The condition is not the same as a case of flesh-eating bacteria and is managed by facilitating the drug’s clearance from the body. Once it is cleared from the body, the wounds do heal, leaving behind a shiny scar. However, each individual’s reaction is different and may be acute. Dr. Lindy Fox of the University of California, San Francisco, said she once saw a photo of a man whose entire body, face included, was black with dying flesh. Although some people might be more vulnerable to the effects of levamisole, the drug doesn't discriminate based on race or socioeconomic status. All appear to be equally vulnerable.

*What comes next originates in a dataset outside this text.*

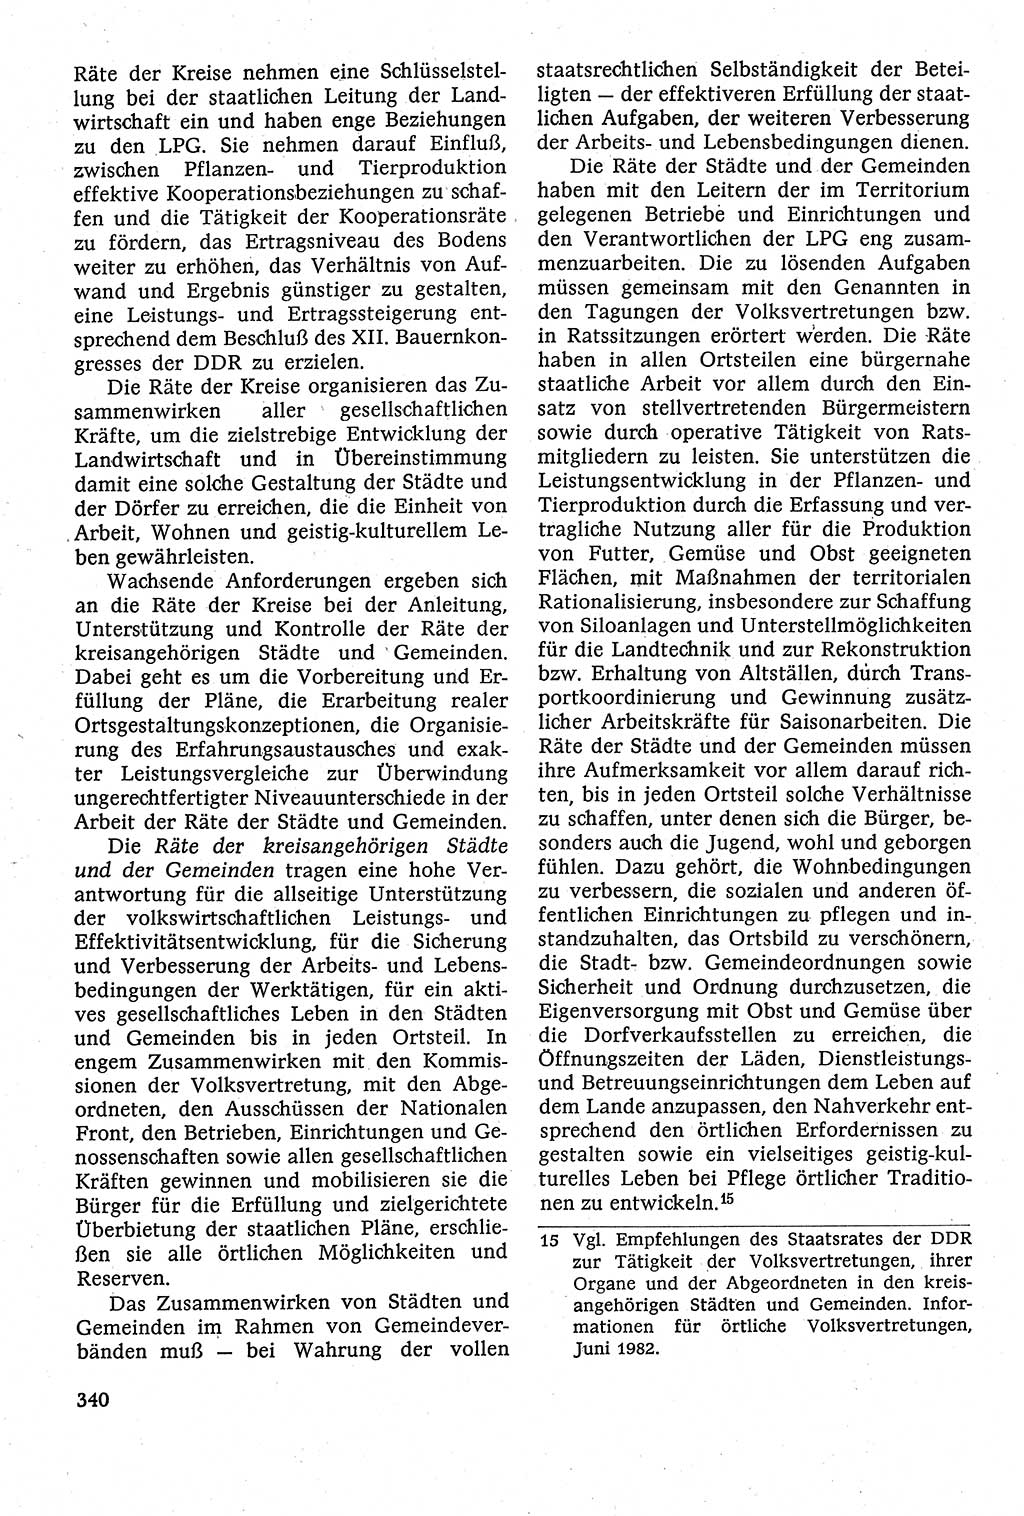 Staatsrecht der DDR [Deutsche Demokratische Republik (DDR)], Lehrbuch 1984, Seite 340 (St.-R. DDR Lb. 1984, S. 340)
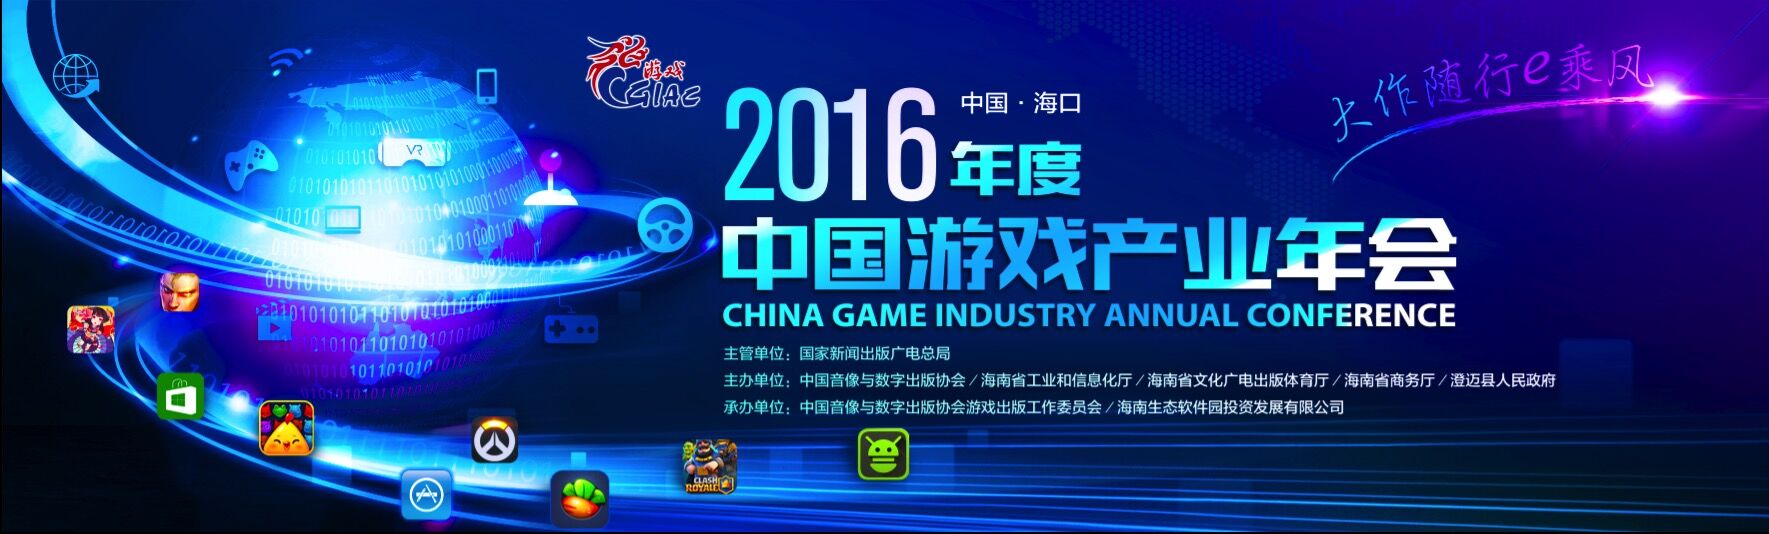 明日开幕 2016中国游戏产业年会迎报到高峰

Levamisole also prevents the bone marrow from producing infection-fighting white blood cells, which leaves a user in a vulnerable condition similar to HIV. The individual is doubly vulnerable: he or she may contract an unusual infectious condition because of a compromised immune system, and the open lesions in the flesh leave the body vulnerable to acquiring an infection through the wounds, such as MRSA (a drug resistant form of staph infection).

Ingesting levamisole is a gamble. Some people appear not to be affected by the skin rotting condition after taking cocaine, while others, vulnerable in some as-yet not identifiable way, develop a reaction over days after use. Long-term exposure to levamisole may lead to other complications, of which we are currently unaware because of the novelty of the phenomenon.